Alternatively, a library designer may allow their clients to manually add & remove entries from the pool. This is error-prone.

Implementation

This section will describe the implementation of tub, an async pool crate.

Pool is a construct that allows clients to retrieve an exclusive reference to an object from the pool.

Clients call Pool::acquire to retrieve a future that returns a Guard. The future will resolve when an object is available.

The Guard is a construct that allows object access and automatic recycling + reuse. It uses RAII to ensure that the object is returned to the pool when the guard is dropped.

The Pool is built on top of tokio::sync::Notify and crossbeam_queue::ArrayQueue. These dependencies provide concurrency control and object storage.

Structs

pub struct Pool<T> {
    inner: Arc<PoolInner<T>>,
}

struct PoolInner<T> {
    queue: ArrayQueue<T>,
    notify: Notify,
}

pub struct Guard<T> {
    value: Option<T>,
    inner: Arc<PoolInner<T>>,
}

PoolInner is used to hold the queue and notify. We wrap PoolInner in an Arc so that we can clone it and share it between the Pool and Guard.

Impl

You can refer to tub/src/lib.rs for the full implementation.

Pool

impl<T> Pool<T> {
    #[inline]
    pub async fn acquire(&self) -> Guard<T> {
        let inner = self. inner.clone();
        loop {
            if let Some(value) = inner.queue.pop() {
                return Guard {
                    value: Some(value),
                    inner,
                };
            }

            inner.notify.notified().await;
        }
    }
}

This block of code returns a future that resolves into a Guard when a shared object is available.

It first checks if there are any available objects. If there are, it returns a Guard with the object. Otherwise, it waits for a notification that an object is available.

ArrayQueue::pop is used to retrieve an object from the queue. This queue is safe in the presence of concurrent access & does not block the current thread.

Notify::notified is used to wake the task up when an object is available.

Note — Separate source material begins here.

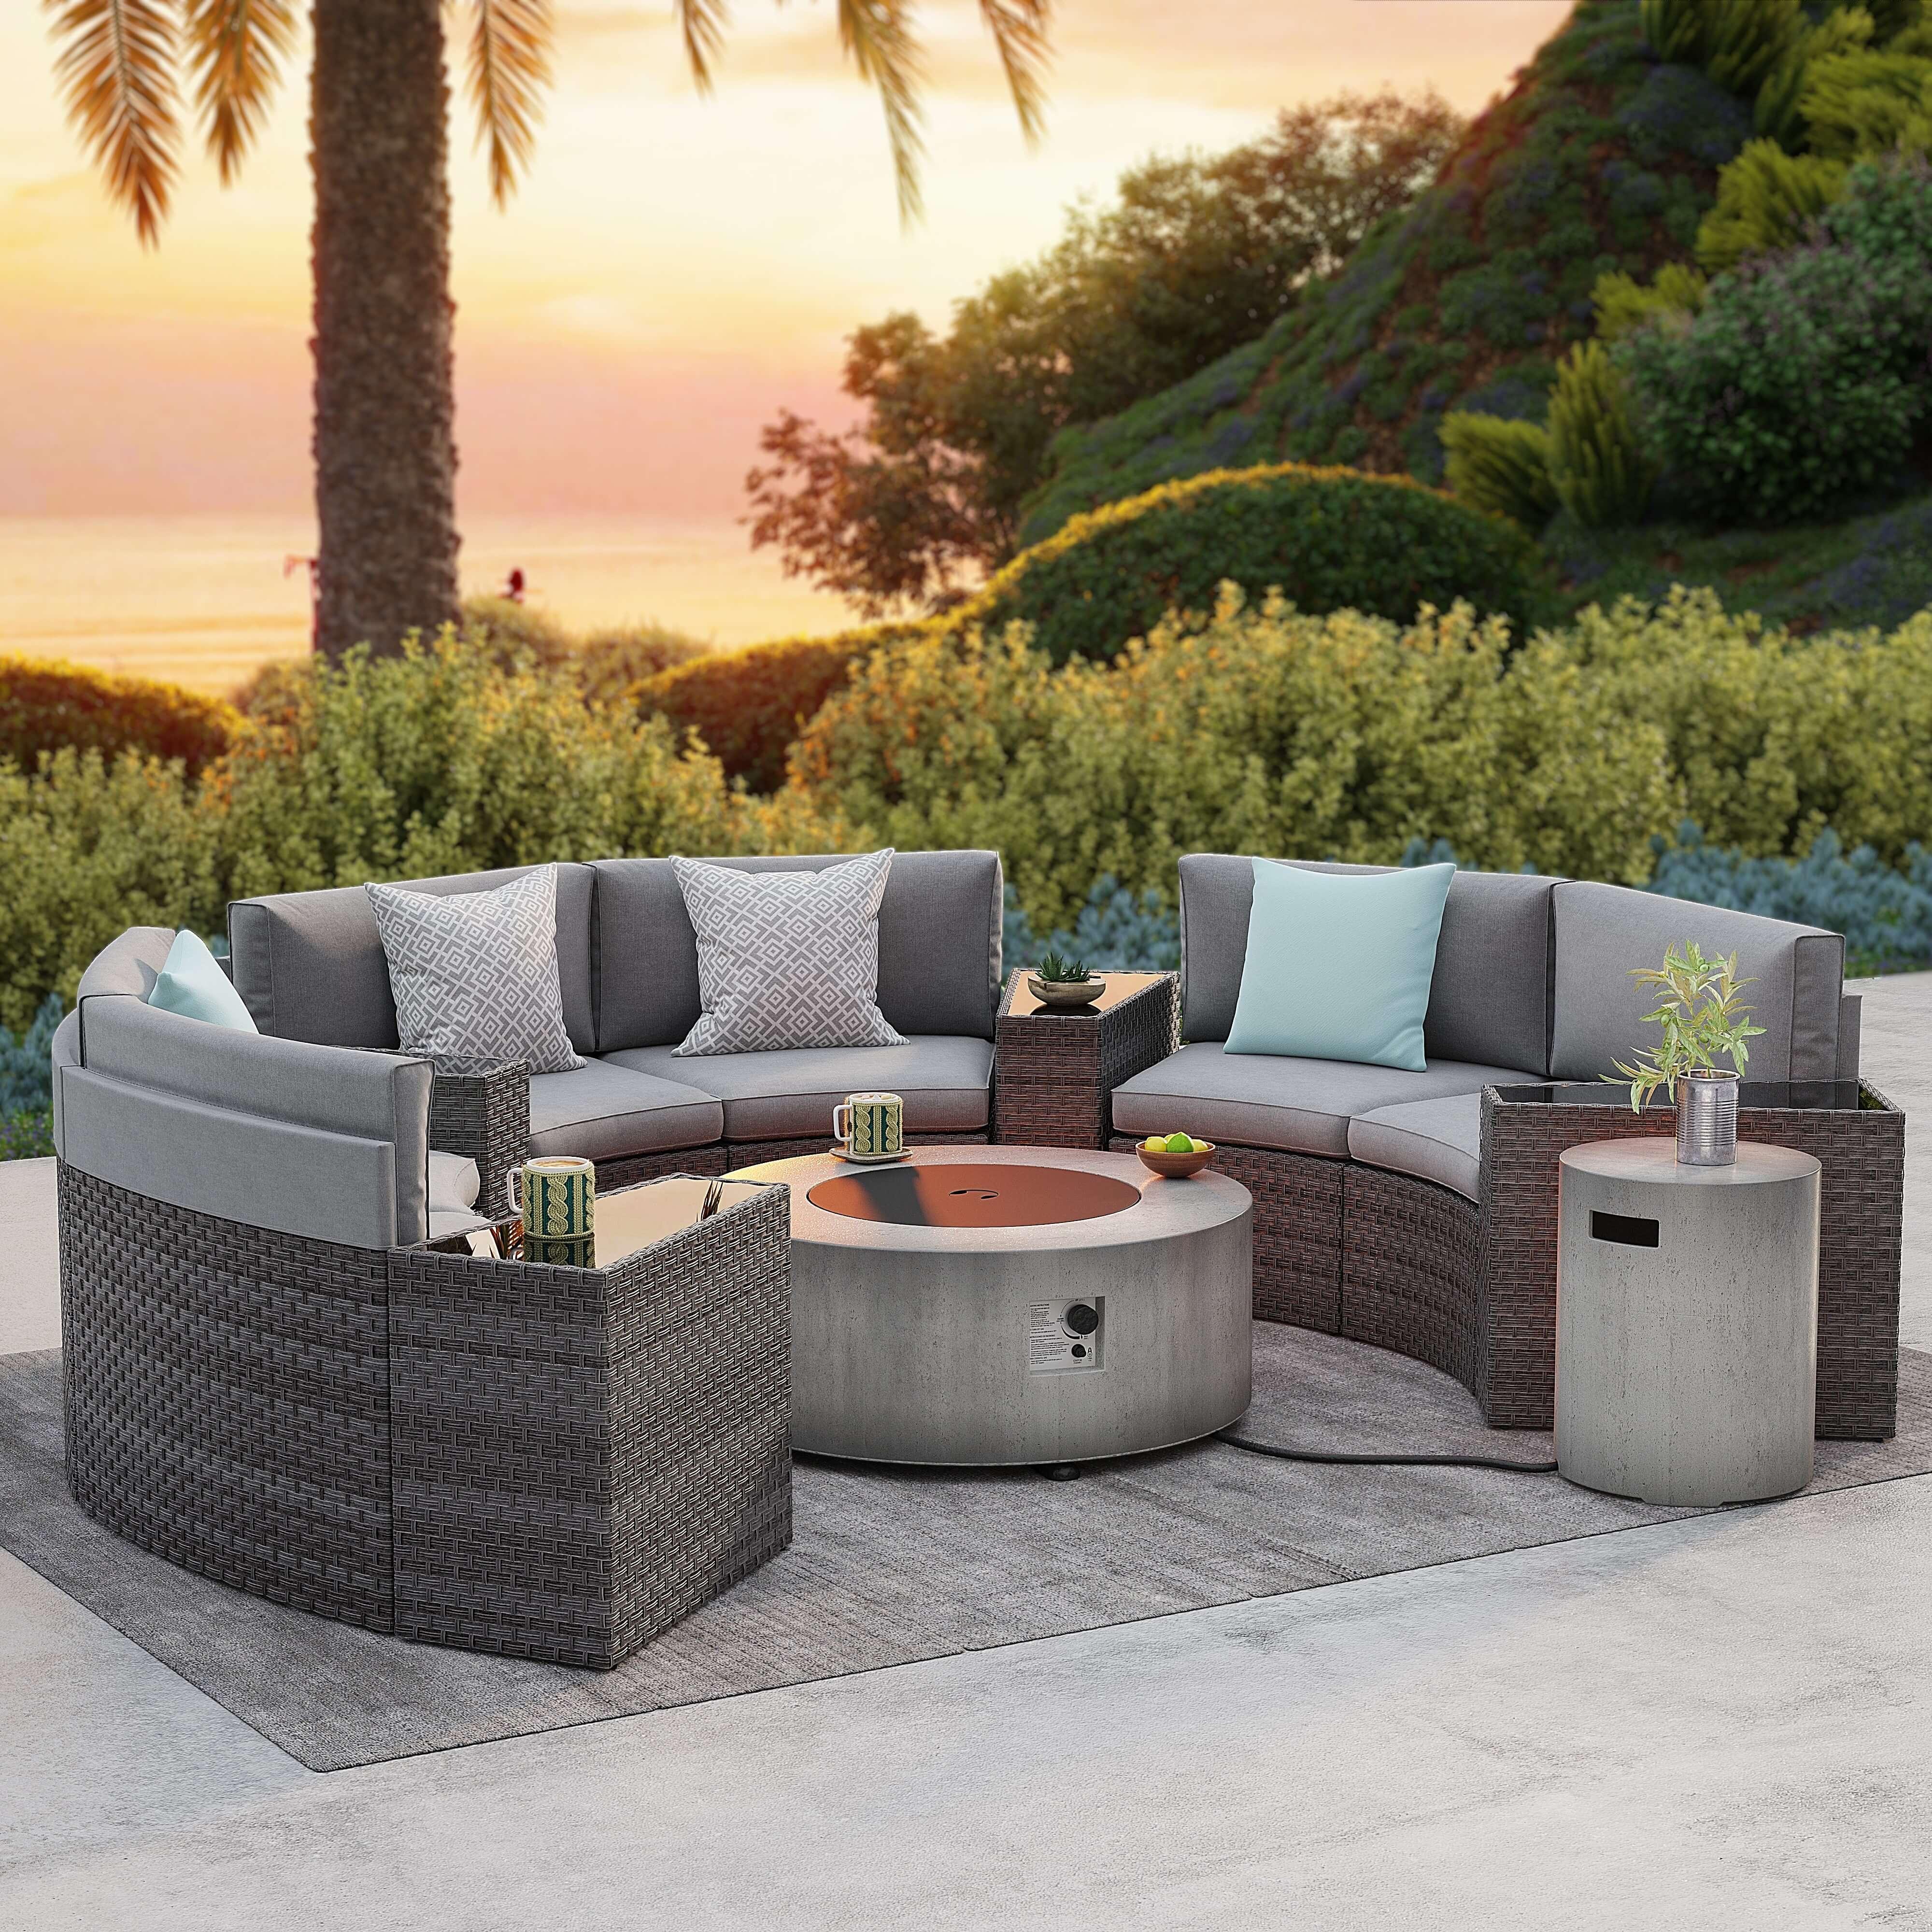 Boboli Modern Wicker Outdoor Furniture, 6-seater Grey Wicker Curved Sectional sofas with grey cushions, 4 side tables + 1 grey Propane Fire Pit with tank holder, front view- Jardina Furniture #color_Grey

The method loops until an object is acquired (it acts similar to a compare-and-swap loop that you see frequently in concurrent data structures).

Guard

impl<T> Drop for Guard<T> {
    #[inline]
    fn drop(&mut self) {
        if let Some(value) = self.value.take() {
            // Safety: The queue will never be full when a Guard is alive
            let _ = self.inner.queue.push(value);
            self.inner.notify.notify_one();
        }
    }
}

impl<T> Deref for Guard<T> {
    type Target = T;

    fn deref(&self) -> &Self::Target {
        // Safety: The value is always Some
        self.value.as_ref().unwrap()
    }
}

impl<T> DerefMut for Guard<T> {
    fn deref_mut(&mut self) -> &mut Self::Target {
        // Safety: The value is always Some
        self.value.as_mut().unwrap()
    }
}

The Guard allows clients to access the object and automatically return it to the pool when it is dropped. The value is wrapped in an Option so that it can be taken out of the Guard when it is dropped.

Object access is achieved by implementing Deref & DerefMut for Guard. The implementation simply calls as_ref & as_mut on the Option and unwraps the result. This is safe because the Option is always Some when the Guard is alive.

Object reclamation is achieved by implementing Drop for Guard. When the Guard is dropped, it will return the object to the pool by calling ArrayQueue::push and Notify::notify_one.

It is safe to call ArrayQueue::push because the queue will never be full when a Guard is alive.

Notify::notify_one is used instead of Notify::notify_all because only one client will be able to “win” the race for the recycled object.

Using Notify::notify_all would result in all clients being woken up, even if only one of them can actually acquire the object. This causes contention, which results in wasted CPU cycles and higher latency.

Benchmarking

It’s time for a showdown!

We will put a few random async pool crates from crates.io to the test.

The crates

The following crates are analyzed:

The following crates were omitted due to issues when benchmarking:

deadpool - appears to deadlock using the unmanaged pool. I may have misused the crate.
qp - appears to deadlock
lease - heap corruption detected
async-resource - ran out of resources in comparison benchmark

Methodology

The code used for benchmarking is publicly available.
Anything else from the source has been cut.